THE Western Region Alcohol and Drug centre (WRAD) opened its rented Timor Street doors in 1986 with little more than three staff, a $170,000 budget and a vision.
Twenty-five years later, more than 65 people celebrated the reality of that vision with an anniversary gala dinner, a history book and an honour board.
Now in a purpose-built facility on Merri Street with more than 20 staff and just under $1.5 million at its disposal, WRAD is a pillar of hope in an ever-growing community.
Dawn Bermingham knows the centre’s journey better than most.
The office manager was receptionist at the Western Regional Association for Alcohol and Drug Dependence (WRAADD), as it was known 25 years ago.
“It started off as a drug and alcohol counselling service with three staff,” Mrs Bermingham said.
“Now it’s one of Warrnambool’s only bulk-billing medical practices.”
Mrs Bermingham said her passion for the job stemmed from developing her own skills and observing the influence WRAD had on its clients.
“It’s rewarding to see patients move on in their lives … to see them make changes,” she said.
“We develop programs to assist recovery from alcohol and drugs or any addictive behaviours for the benefit of the people.”
WRAD will always be a work in progress with the Warrnambool community, according to director of 11 years Geoff Soma.
“It’s been quite a lot of hard work,” he told The Standard. “Building up a sustainable medical practice has been a challenge.”
During its 25 years, the not-for-profit community organisation has expanded to offer a clinical practice, in addition to its counselling services.

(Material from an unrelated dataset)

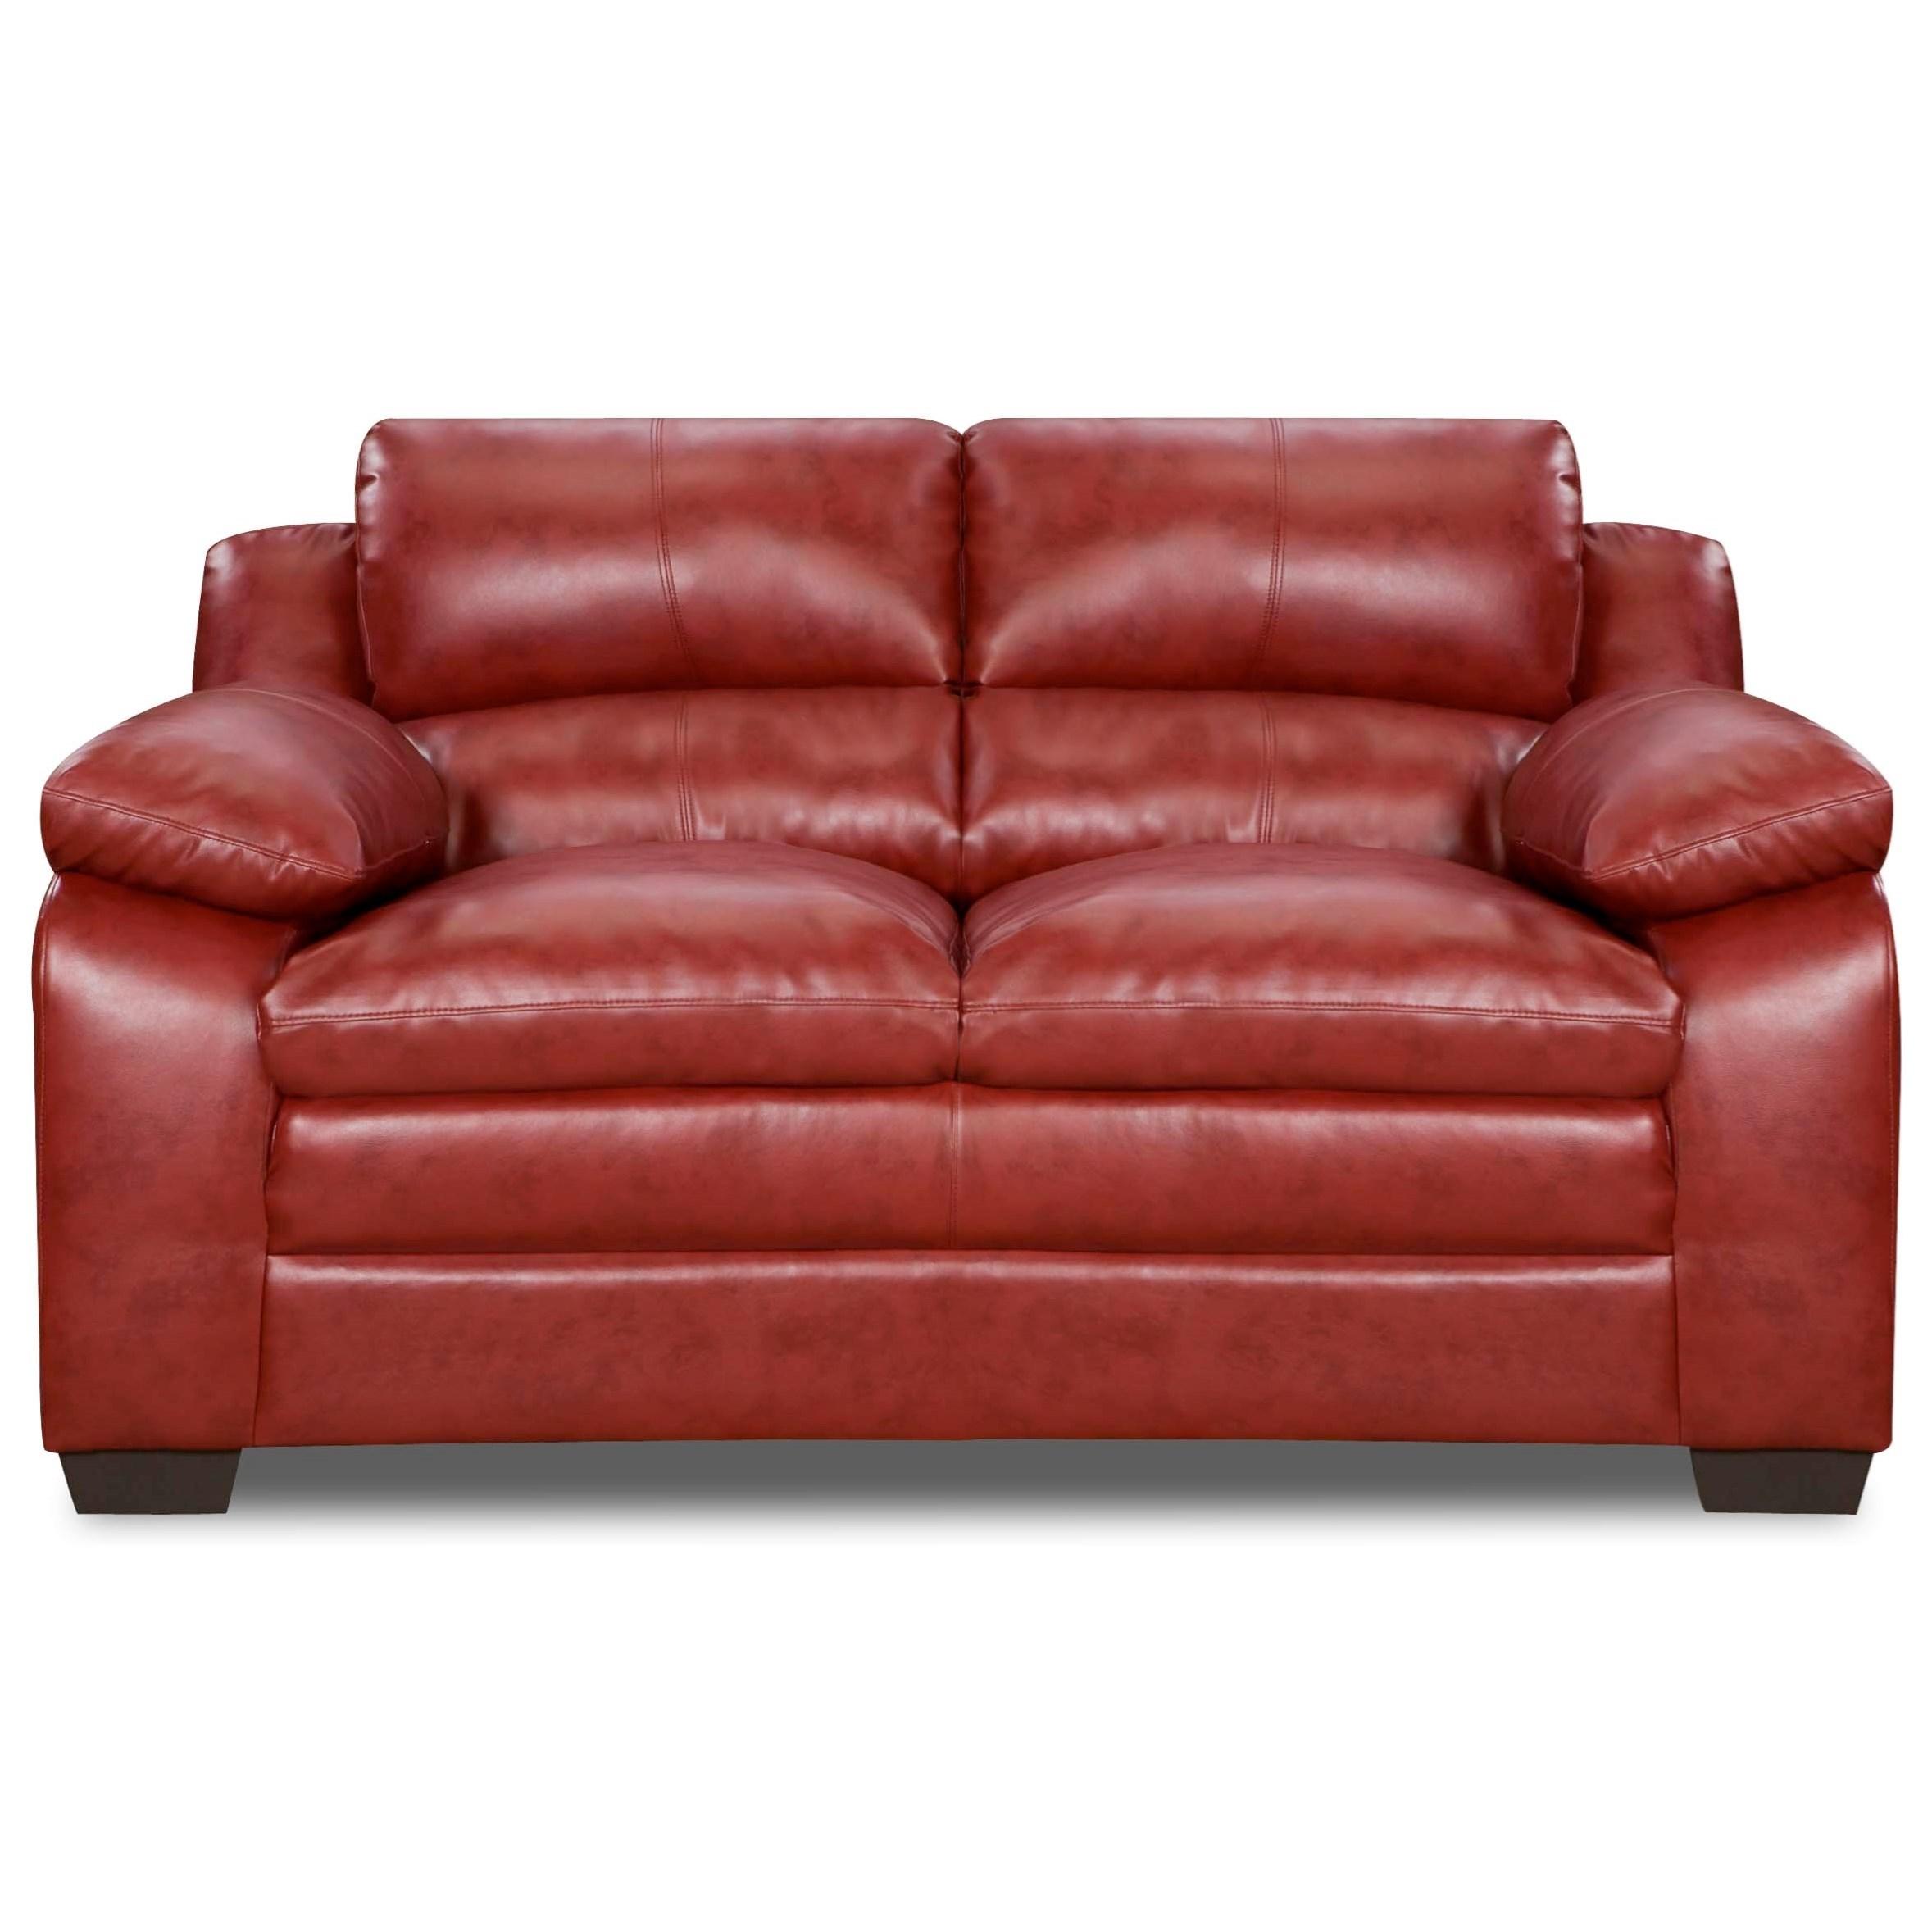 United Furniture Industries 5066 Loveseat - Item Number: 5066Loveseat-SohoCardinal

“It keeps evolving to meet the needs of Warrnambool and the district,” clinical manager Daryl Fitzgibbon said.
Mr Fitzgibbon said there were numerous programs that came under the clinical banner but admissions often involved one of the “four Ls” — liver, lover, livelihood or law.
“Usually it’s one of these that makes people contemplate that they have an issue,” he said. “It’s when you realise the substance you once loved has gotten the better of you.”
WRAD achieves breakthroughs all the time but Mr Fitzgibbon said the region’s drinking and drug-taking culture was constantly changing.
“The variety (of substances) and greater population, combined with high (levels of) media selling the product plus pointing out the problems — there’s a conflict,” he said.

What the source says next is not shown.